Record and Artist Details

Genre:

Orchestral

Label: Buffalo Philharmonic Orchestra

Media Format: CD or Download

Media Runtime: 58

Mastering:

DDD

Echoes of Eastern Europe

Tracks:

Composition Artist Credit
Symphony No. 7 Antonín Dvořák, Composer
Buffalo Philharmonic Orchestra
JoAnn Falletta, Conductor
Violin Concerto David Ludwig, Composer
Bella Hristova, Violin
Buffalo Philharmonic Orchestra
JoAnn Falletta, Conductor

Though there’s much ingratiating listening here, the Buffalo Philharmonic’s self-produced disc is most important as a calling card to show what kind of music-making is happening at its Kleinhans Music Hall home base. Acoustics are resonant, new music is afoot and the playing is not just solid but highly engaged under JoAnn Falletta, music director since 1999. How the Dvořák performance rates with the best out there and whether David Ludwig’s Violin Concerto is a major addition to the repertoire isn’t the point. Based on this disc, listeners in the City of No Illusions (Buffalo’s nickname in times of economic distress) have it quite good.

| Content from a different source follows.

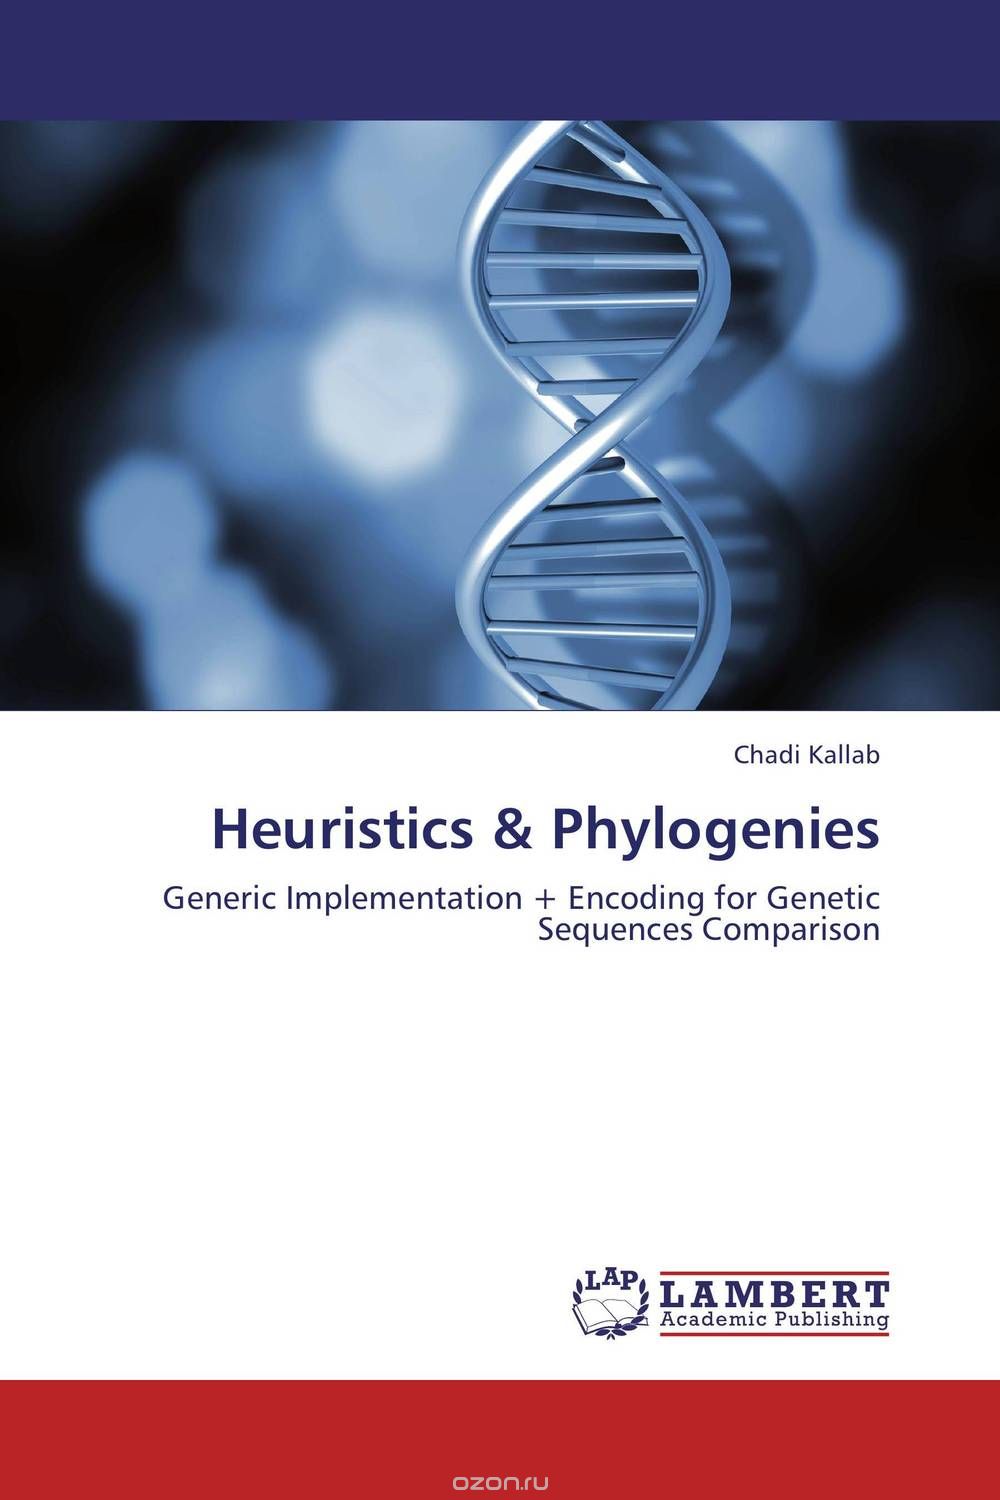 Скачать книгу "Heuristics & Phylogenies"
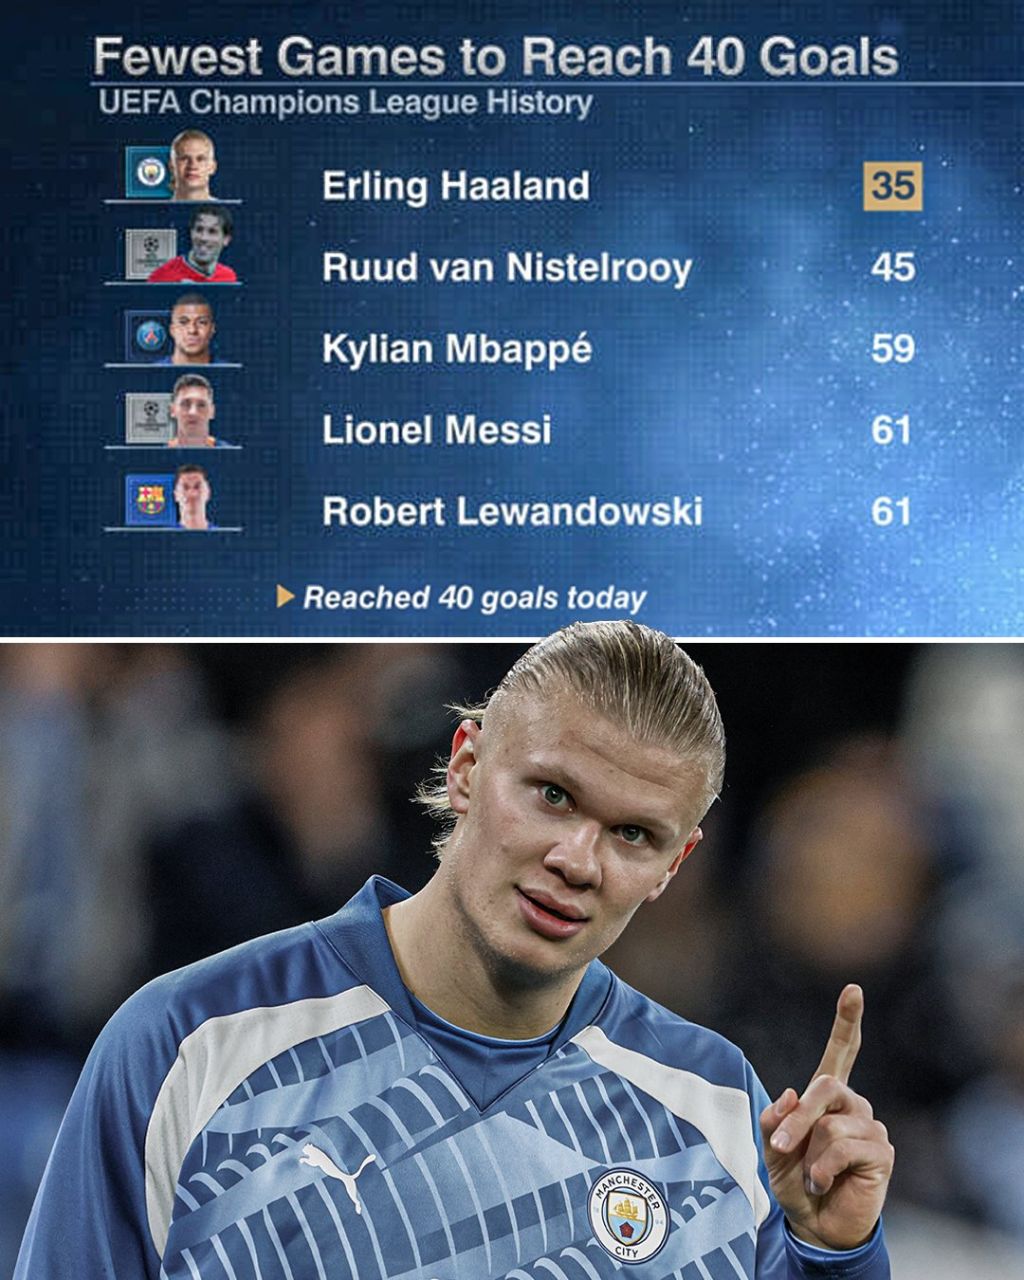 بازیکنانی که با کمترین تعداد بازی به ۴۰ گل زده در لیگ قهرمانان اروپا رسیدند؛ هالند بالاتر از مسی و ام باپه

Other conductors have given Dvořák more bite but Falletta makes no apologies for the composer’s mellifluousness in an approach that’s marvellously lyrical in its phrase-shaping, enlisting all symphonic elements in support but never undercutting the triple-metre rhythm of the first movement. Brass and woodwinds play in Philadelphia Orchestra manner – substantial and present but more about force in reserve than aggression. If anything, the sound envelope seems too airbrushed. Details are there and the acoustic flatters the highly cultivated string tone but the ambience is too much of a good thing, making the performance seem distant when immediacy is more in order.

The Ludwig Concerto is programmatic, inspired (the composer writes) ‘by an imagined sequence of an ancient Slavonic wedding ceremony’ and quotes music by Yuri Chichov, father of the Bulgarian violin soloist Bella Hristova, who happens to be the composer’s wife. Ludwig himself has Eastern European roots, his grandfather being Rudolf Serkin, who was born in what was then Bohemia.

I want to like the concerto more than I do. Though the past century has seen great concertos written by Béla Bartók and André Previn for their spouses, this one seems unduly safe. After some imposing, brass-dominated blocks of chords (it’s hard to say what they have to do with the wedding scenario), the concerto has a series of well-chosen melodies with haunting Slavic inflections that are used with considerable expressive impact in the slow movement. But secondary and transitional motifs seem like structural placeholders or, at worst, generic concerto gestures. Cadenzas are generously frequent, expansive and virtuosic, plus a third movement – similar to that of Barber’s Violin Concerto – full of more pyrotechnics and fun motivic interplay between soloist and orchestra. Hristova plays with great relish and complete commitment. Falletta is equally committed in her role as an accompanist. But I don’t anticipate revisiting this concerto often.